Heading down to Myrtle Beach in a couple weeks, how has the fishing been? Specifically surf fishing.


----------



## Danman (Dec 13, 2007)

same as always...


----------



## BigRig (Aug 14, 2012)

Horrible.


----------



## wood (Jul 16, 2012)

Well that report makes me feel better. I fished most every day last week and only caught 2 undersized Pomps, one Bluefish, and three sharks, the largest about 10lbs. I used Sand Fleas, caught lots of nice sized fleas. Caught plenty of Finger Mullet in the surf, caught no fish with them, dead or alive. Sharks came off larger store bought cut Mullet.


----------



## jmbush01 (Jun 25, 2012)

I fished the surf just North of Apache pier (like literally, could have tangled lines with the guys on the pier [not really though]) from August 2nd till the 12th and had barely any luck. 3 sharks (sharpnose maybe?), a stingray, and a sand dollar (on a spoon that I let sink before retrieving) were all that was caught in the surf. My girlfriend and I each caught a flounder, mine being 19" and hers at 15", in the small inlet near ocean annie's. My girlfriend also snagged a sea turtle on its arm in this inlet. The turtle happened to have a hook in the same arm, less than an inch away. Weird. I also caught a toadfish in this location.


----------



## BigRig (Aug 14, 2012)

Sounds about right.Horrible.


----------



## Volfan28 (Jul 30, 2008)

Horrible is right!


----------



## Stingray19 (Aug 15, 2010)

Well, thats not what I want to hear. Got a week to pick up


----------



## jmbush01 (Jun 25, 2012)

Is it seriously that bad all year round? Even during the mullet run? That really bums me out because my family has a place in Kingston Plantation. 

At least that gives me the hope that I could do relatively well in a better location.

How far North and South do they pump the beach with sand? It can't be _too_ far to the nearest beach with some structure and good fishing..


----------



## Danman (Dec 13, 2007)

Its all about structure and other than piers and the jetty I would think thats it.


----------



## Stingray19 (Aug 15, 2010)

jmbush01 said:


> Is it seriously that bad all year round? Even during the mullet run?


Well, whenever I'm in MB, its during the mullet run, and we always catch a lot of fish, so imo, no


----------



## jmbush01 (Jun 25, 2012)

Stingray19 said:


> Well, whenever I'm in MB, its during the mullet run, and we always catch a lot of fish, so imo, no


Oh thank God. When are the mullet normally running in MB? Second or third week in September?

@danman, I was fishing the surf, but I was so close to the pier that I would have expected to receive some benefit from its structure. From what I heard not much was being caught that week on the Apache Pier either. 
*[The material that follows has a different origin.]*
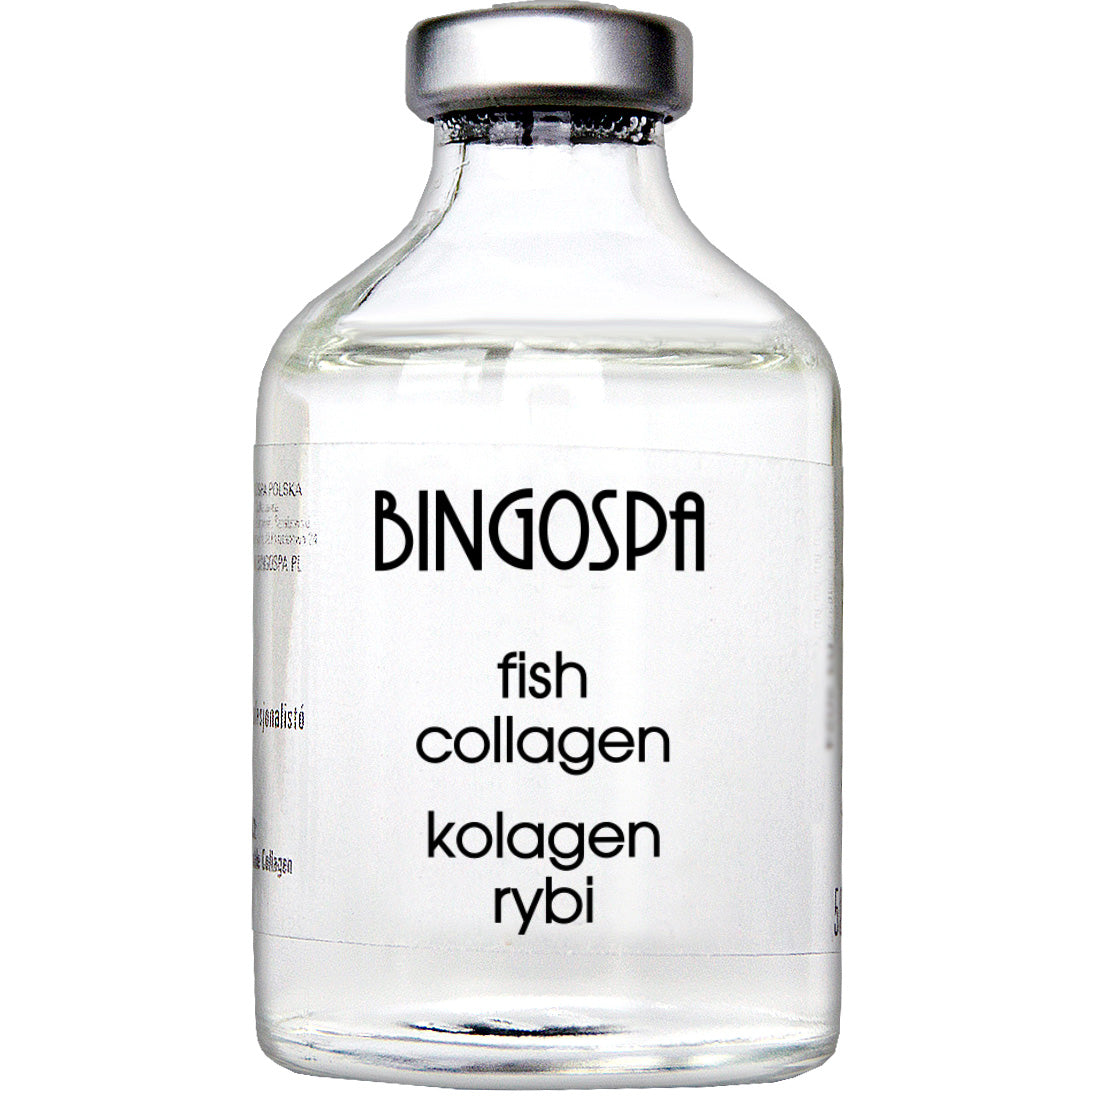 Kolagen rybi (surowiec kosmetyczny) BINGOSPA 50ml

I've got fairly good freshwater fishing near me (I live right near the Chattahoochee river, which is stocked with over 1 million trout every year), but I am hooked (pun intended ) on saltwater fishing now. I am taking all Tuesday/Thursday classes at UGA in hopes that I can take a 4 day weekend or two when the mullet start running


----------



## Danman (Dec 13, 2007)

well, don't go overboard on saltwater gear (size ) unless you hook a shark , a medium (8 ft to 10ft) rod with about 12 to 17 lb test on a medium size reel will do JMO...maybe others will chime


----------